- **SOURCE DATA**:
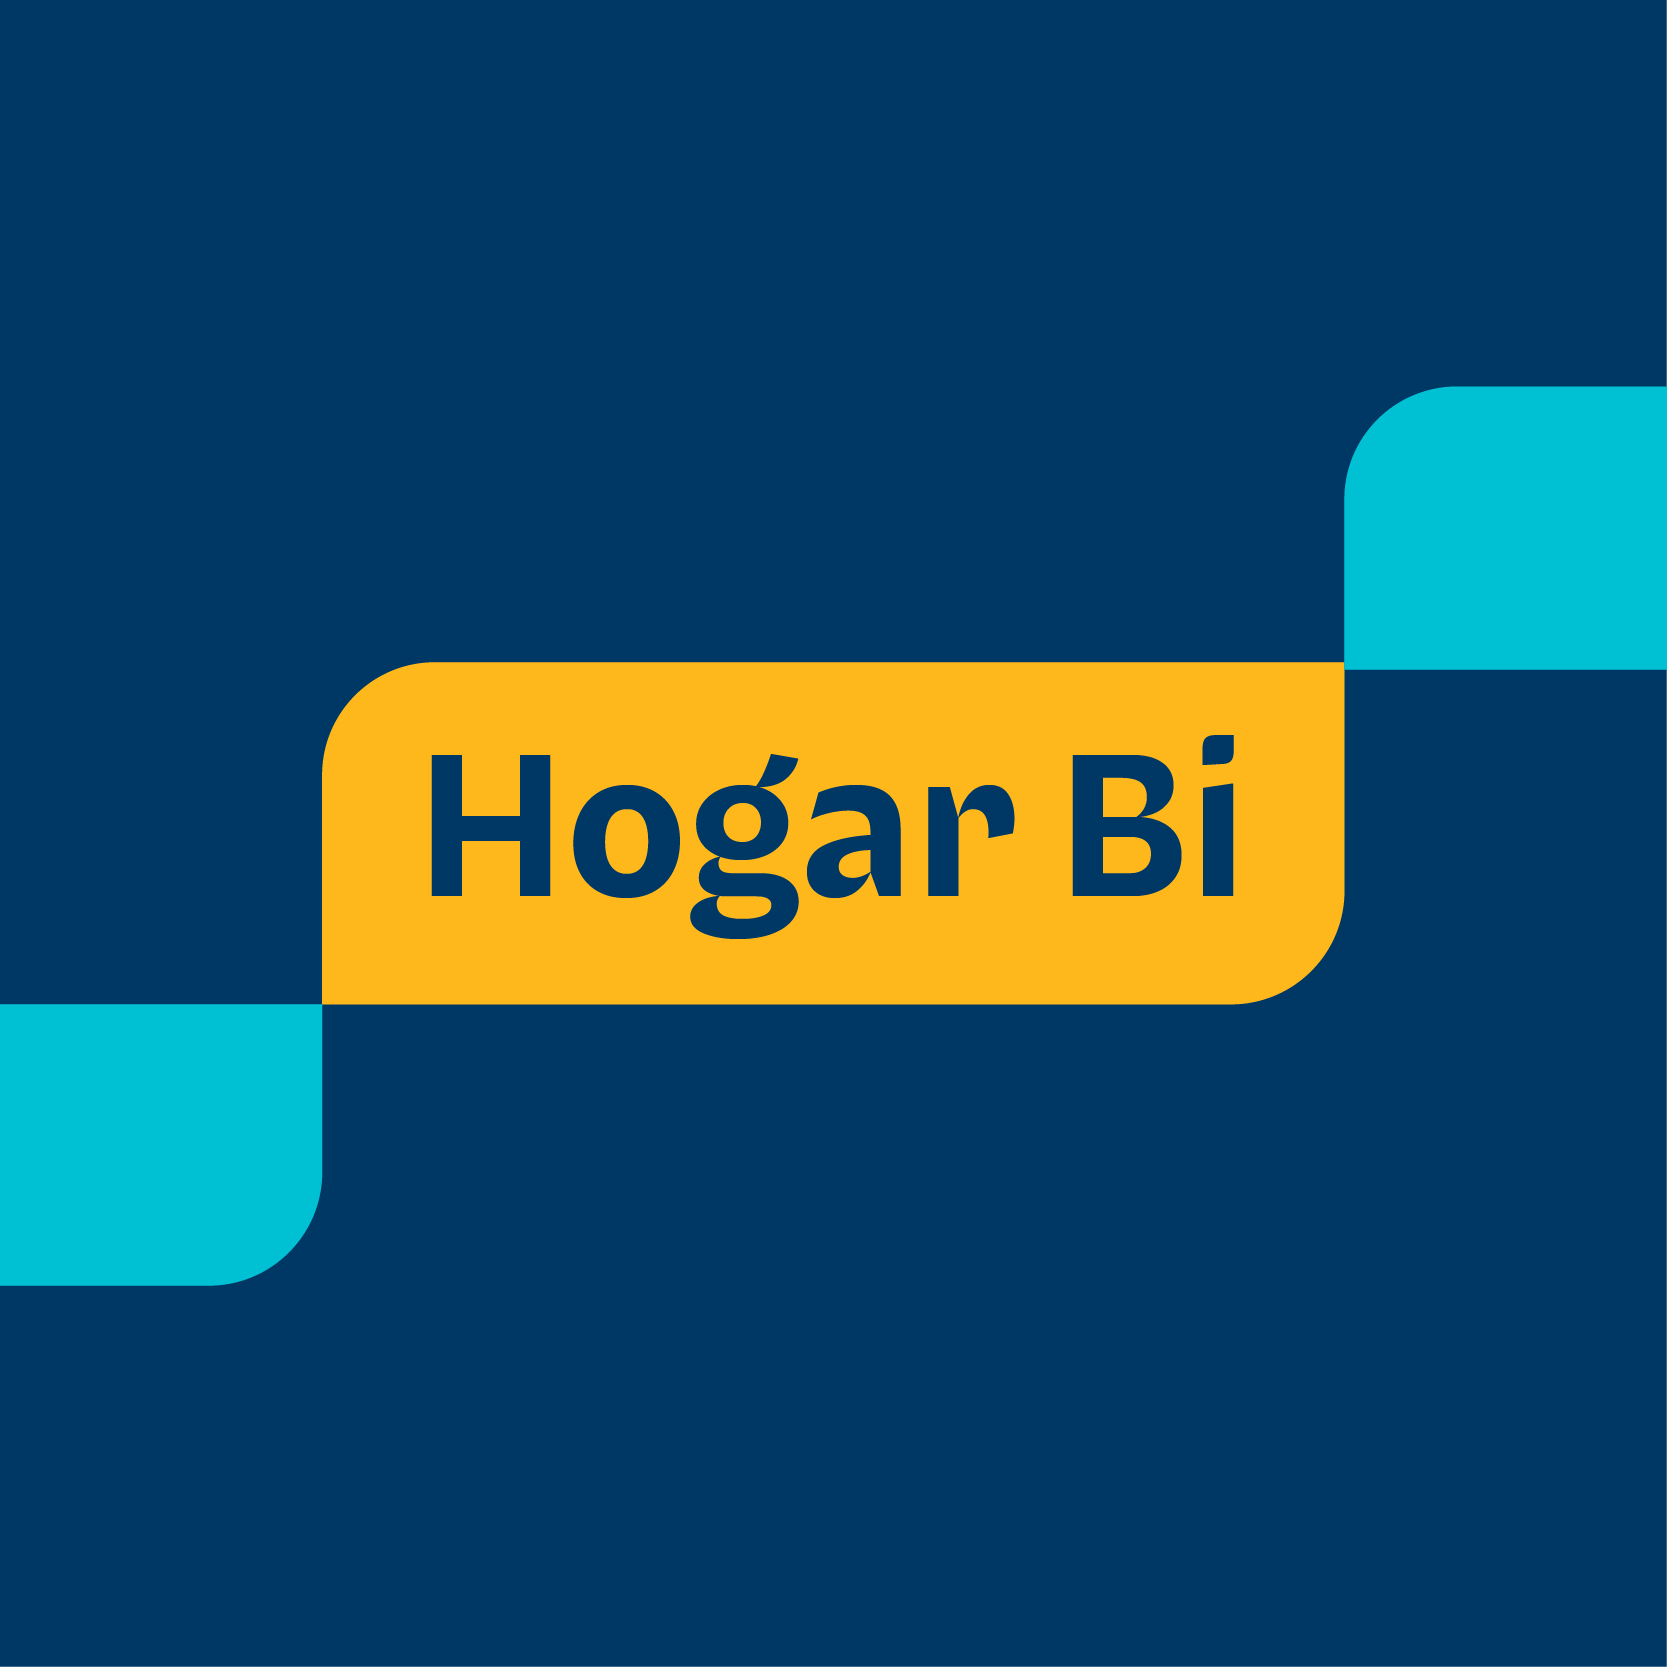 Hogar Bi
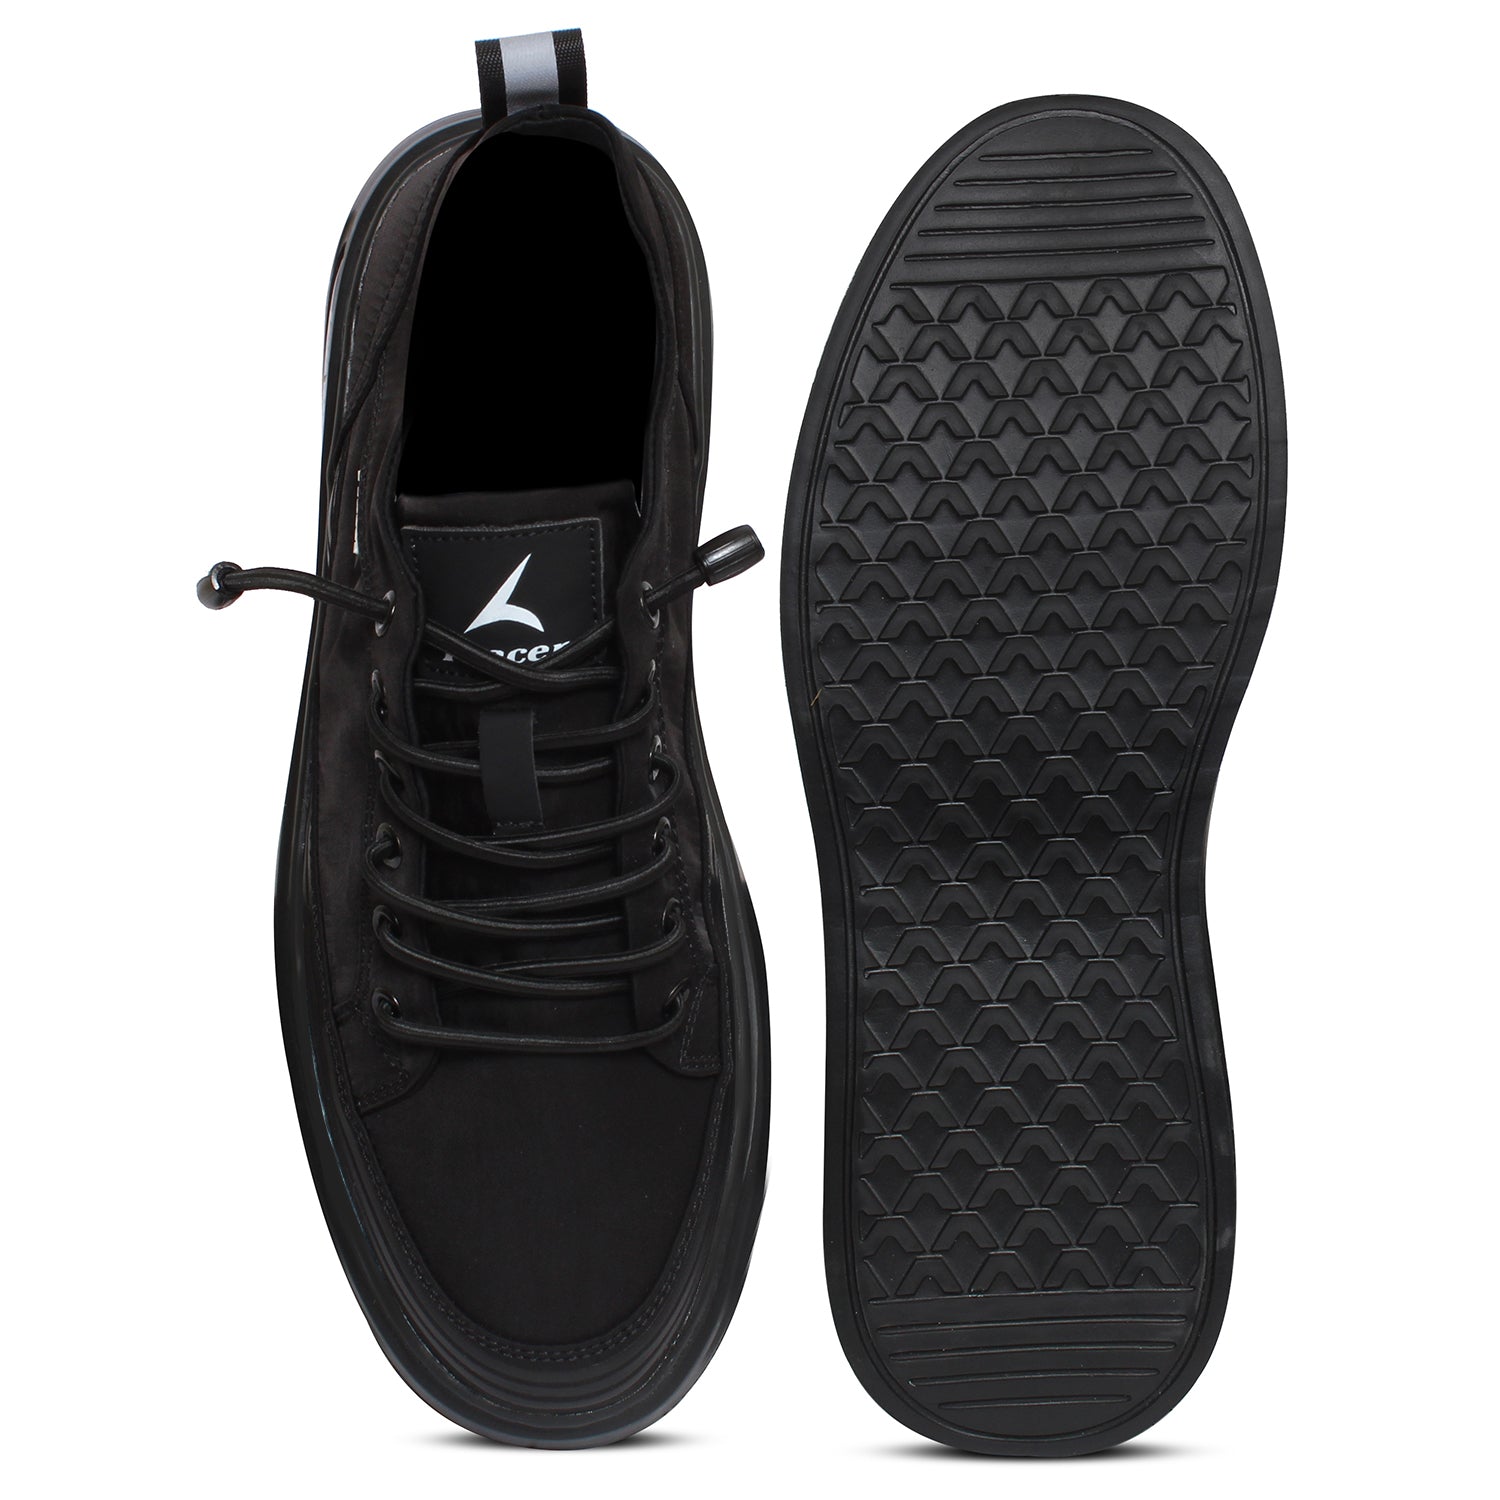 Tracer Scoosh 2714 Sneaker for Men's Black
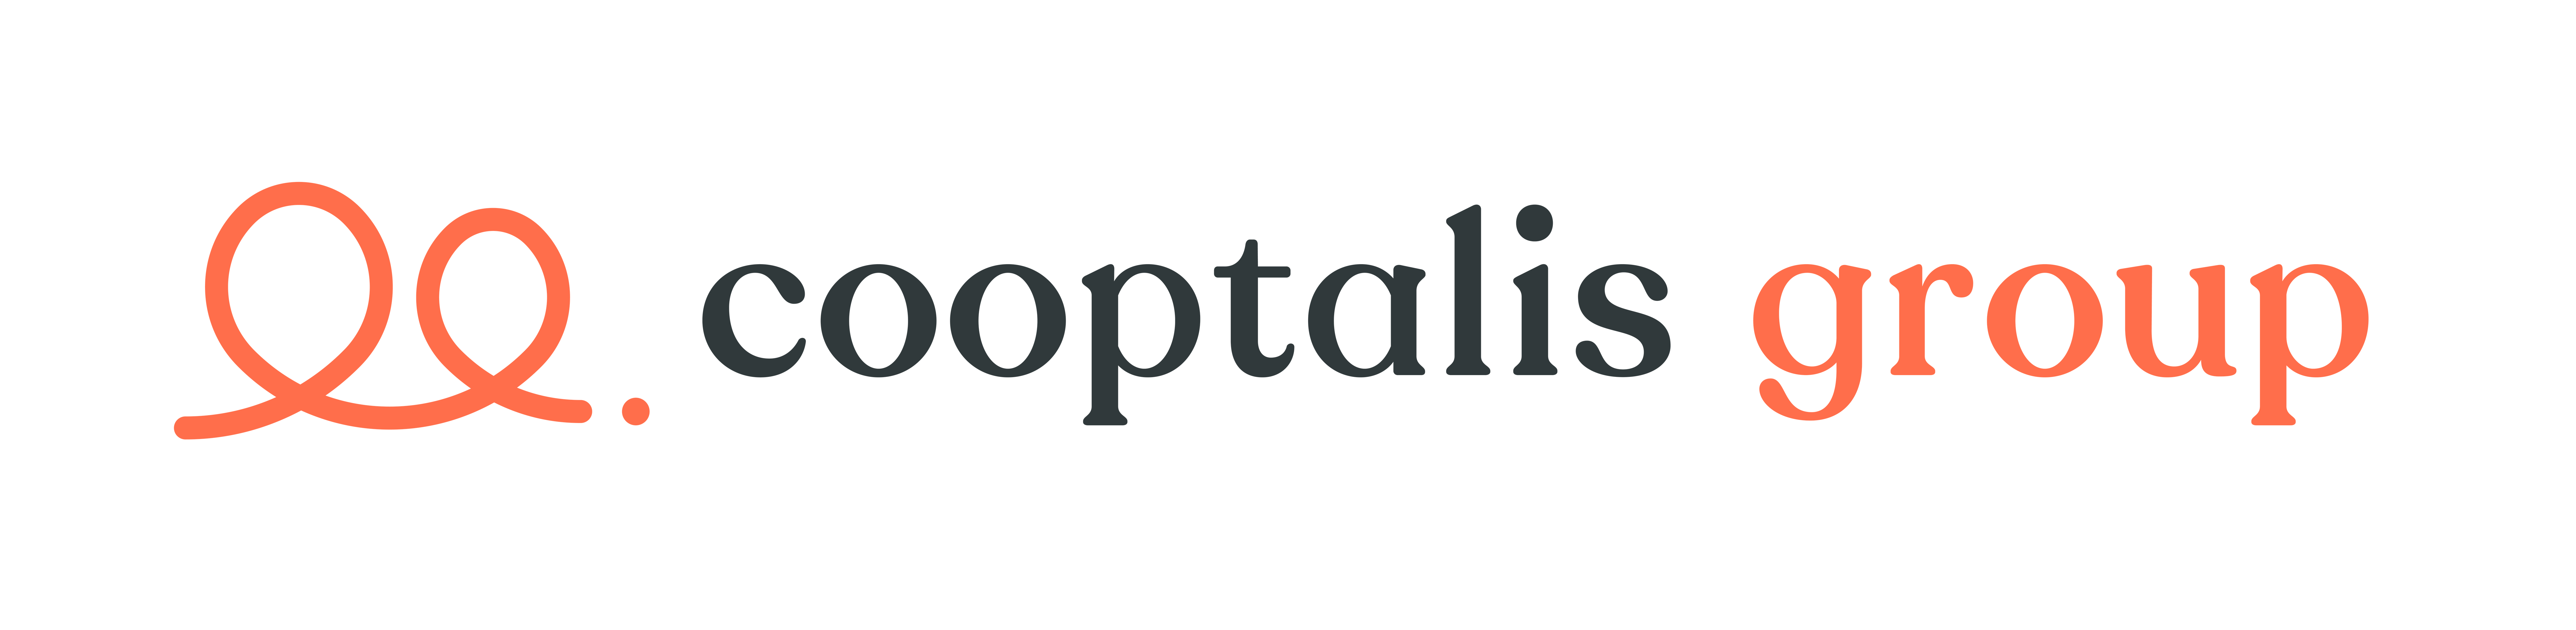 Cooptalis Group is hiring on Meet.jobs!

- **REQUIRED ACTION**:
Exactly the lines from the one containing "Tracer Scoosh 2714 Sneaker for Men's Black" through the end of the data above: repeat those, both ends included, and nothing else. Skip the pictures.

- **SOLUTION TO THIS TASK**:
 Tracer Scoosh 2714 Sneaker for Men's Black
 Cooptalis Group is hiring on Meet.jobs!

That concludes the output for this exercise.